If intuition is 100% accurate as a couple of people here have stated, then, if something believed to be intuition is incorrect, and it was not, then it is not, by this definition, intuition. But we can only know this after the fact, when the knowledge is proved true or false. Until proven a person may continue to falsely think it is intuition.

So we need to assume that, using standard definitions of intuition, "knowledge or belief obtained neither by reason nor by perception" and "the power or faculty of attaining to direct knowledge or cognition without evident rational thought and inference" is always 100% accurate.

If such knowledge is proved incorrect, it is what? Ego? And it must be something other than knowledge obtained neither by reason nor by perception. By process of elimination, the ego must operate by reason or perception. Or is there some other thing that looks like intuition but is not really? If so, what is it called? There must be a name for this process other than ego (since ego is an aspect of self an not a cognitive process), but what is it commonly called?
 

intothemusic

Is it intuition, is it synchronicity, is it the astral plane, is it divine inspiration, is it the subconscious, is it the angelic realm, is it creative imagination, is it spirits from the "other side,"

I actually believe it's all of the above. I believe everyone is correct in a sense and it's about what level your are reading from.

- A reader can begin a reading with the intention of getting information from a "particular spirit."

- Another reader (or the same) can give a reading with the intention of connecting to the Angelic Realm.

It all depends on the intention.

- Another gives readings using their Higher Self (intuition). I believe the Higher Self is open to divine information from other dimensions. So if you or the clients guides/guidance gives you advice (or that gut feeling), your Higher Self will hear it... and one might say "well my intuition is telling me..." Anytime you sit yourself in front of a deck of cards and agree to read for someone, you are agreeing to be a channel for their guidance. (Whether the reader knows it or not.)

Then there's synchronicity or as some might say "coincidence." We can say the cards fell that way because it was synchronicity. My personal view is that synchronicity happens when the spiritual world is attempting to get a message across. Ex. A friend from 10 years ago calls you, and you were JUST thinking about her. Maybe the point is to show you that you should pay more attention and you have intuitive abilities? Or you're thinking of going on this date with a man you're no sure about. You get in the car and drive and you see a STOP sign. And it reminds you of him. Then you turn on the radio and you hear the lyrics "that man is no good. Would cheat if he could." :)
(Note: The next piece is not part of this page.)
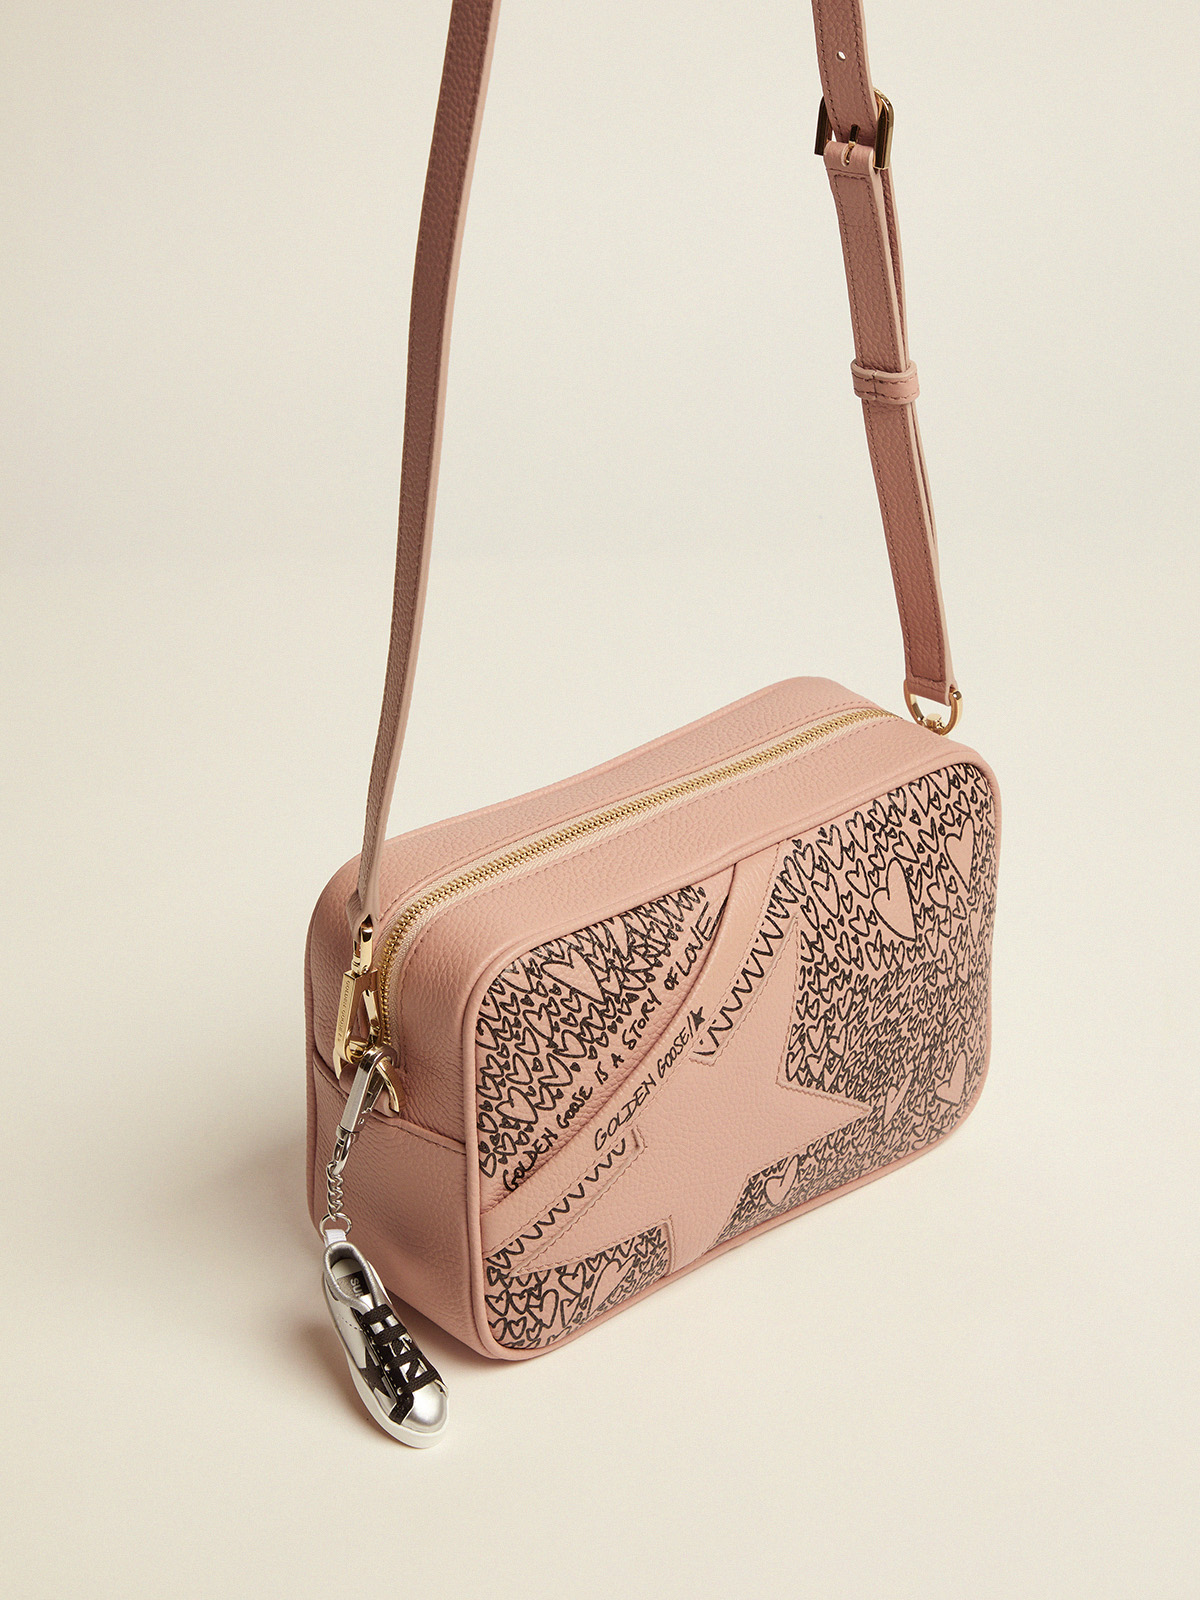 Nude Star Bag made of hammered leather with love-themed designs

You can also be one of those "men suck and the world sucks" readers who projects all of your own disappointment onto your clients and the cards show just that.

And I do believe many outcomes are changeable and are based on what occurs in the astral plane- the plane that is reactive to intentions and thoughts on a subconscious and unconscious level. It's also the plane where "everyday magick" happens. If you project something-- fear, negativity, wishes, positivity, etc-- the energy will likely manifest into reality. So the result of our conscious and unconscious projection. I've done many readings where the client has a very negative state of mind, and the outcome was always negative. BUT with a simple shift of perception and choices, the outcome completely changes.

So again, I think everyone is correct. I think it is a matter of semantics and belief systems. But I'm pretty sure if we all found ourself on a plane with 100 other from all different walks of life, the people in this thread would probably have a lot more in common belief wise then the non-threaders!